В Ужгороде я с нетерпением жду Анну. Она появляется с заплечной корзинкой, в которой под кочнами салата уложены тяжелые небольшие пачки. Точно такие же, как те, что лежали в бауле Шандора Лобани.

Я прячу эти пачки в укромное место и, когда Анна собирается уходить, спрашиваю:

— Микола с Черной горы — кто это?

Анна молчит.

— Горуля?

Анна молчит.

И вдруг меня озаряет догадка.

— Олекса, — произношу я шепотом.

Анна молча кивает головой.

…Однажды утром, когда я пришел в свою контору, напуганный событиями управляющий вызвал меня к себе и сказал:

— Мы больше не можем рисковать денежными суммами, которые вам приходится развозить, господин Белинец. До сих пор вам везло, но не дай боже, эти красные подстерегут вас… Я решил изменить систему расчета с верховинскими лесорубами. Теперь они будут получать деньги раз в месяц, и только в Сваляве, в отделении банка. За вами останутся, господин Белинец, сплавщики на Тиссе. В долине все-таки безопаснее…

Так нежданно-негаданно прервалась моя постоянная связь с Верховиной. Это очень удручало меня, но изменить тут я ничего не мог.

Край наш перестал быть для оккупантов спасительным тылом. Газеты, долго и упорно хранившие молчание о партизанах, наконец разразились угрозой: «У нас хватит сил навести порядок!»

Однако это легче было обещать на газетных столбцах, чем осуществить на деле.

Попрежнему взрывались по пути к фронту воинские эшелоны, то тут, то там завязывались бои между партизанами и посланными против них войсками, а в сводках Советского Информбюро, передачи которого мы тайно ловили, стали появляться сообщения о действиях партизан в наших горах.
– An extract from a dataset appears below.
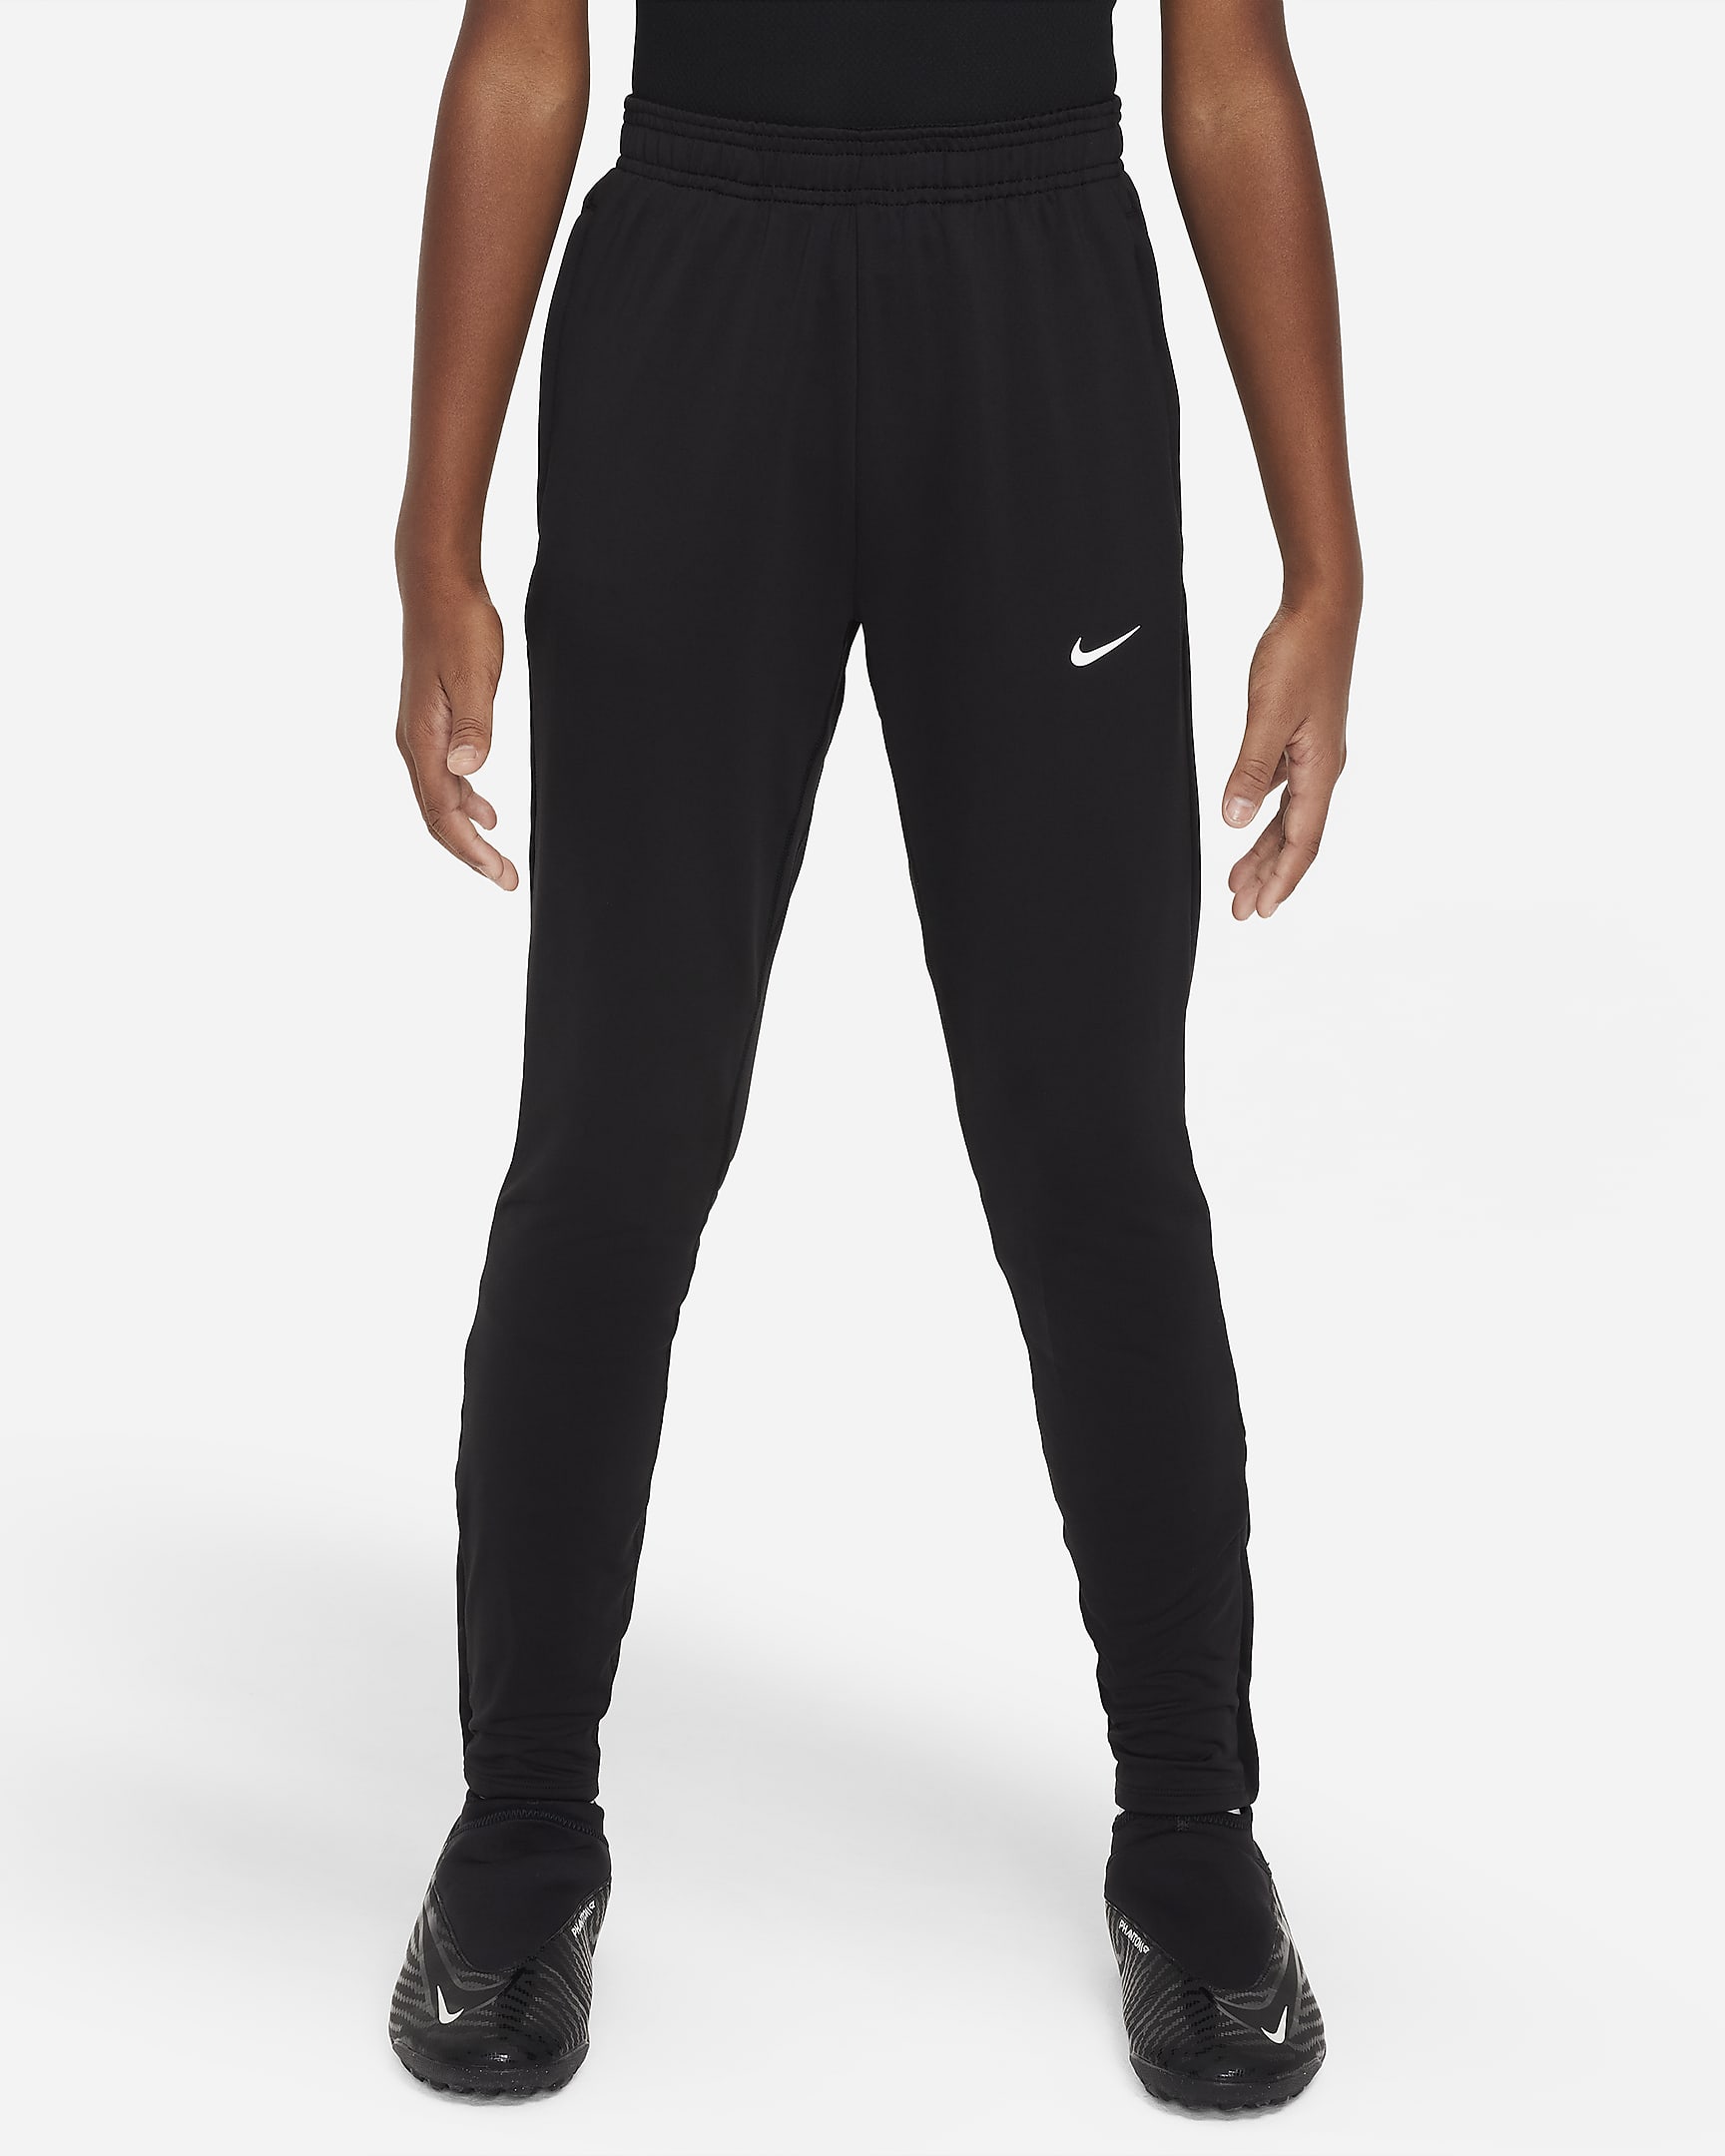 Pantaloni da calcio Nike Dri-FIT Strike – Ragazzi - Nero/Nero/Antracite/Bianco

В феврале сорок четвертого года я снова увиделся с Куртинцом, но на этот раз у меня в доме. Я был счастлив вдвойне: и тем, что опять вижу этого мужественного, дорогого мне человека, и той неожиданной радостной вестью, которую он принес о Горуле; Горуля был у нас, и не в горах, а на Ужгородщине!

— Здесь, здесь, — говорил мне Куртинец, отряхивая снег со своей венгерской бекеши, — вернулся еще осенью. А больше ничего не скажу, и не спрашивайте…

Я уже давно привык к железным законам конспирации, которым мы все подчинялись, и не обижался.

— Вы добрый вестник, — говорил я, крепко пожимая руку Куртинцу.

— Хотел бы им быть всегда, — улыбался тот, — до конца жизни.

Мог ли я подозревать в ту минуту, что конец этот наступит так скоро?..

Еще накануне вечером ко мне явился пожилой рабочий, которого я знал под кличкой «Верный». Осведомившись, все ли в порядке, он предупредил, что завтра утром ко мне придет гость и пробудет до вечера.

— Калитку с ночи не замыкайте на ключ. Условный сигнал, что в дом можно войти, — загнутая занавеска на левом окне. Гостю передайте, что буду здесь, как условлено, в восемь.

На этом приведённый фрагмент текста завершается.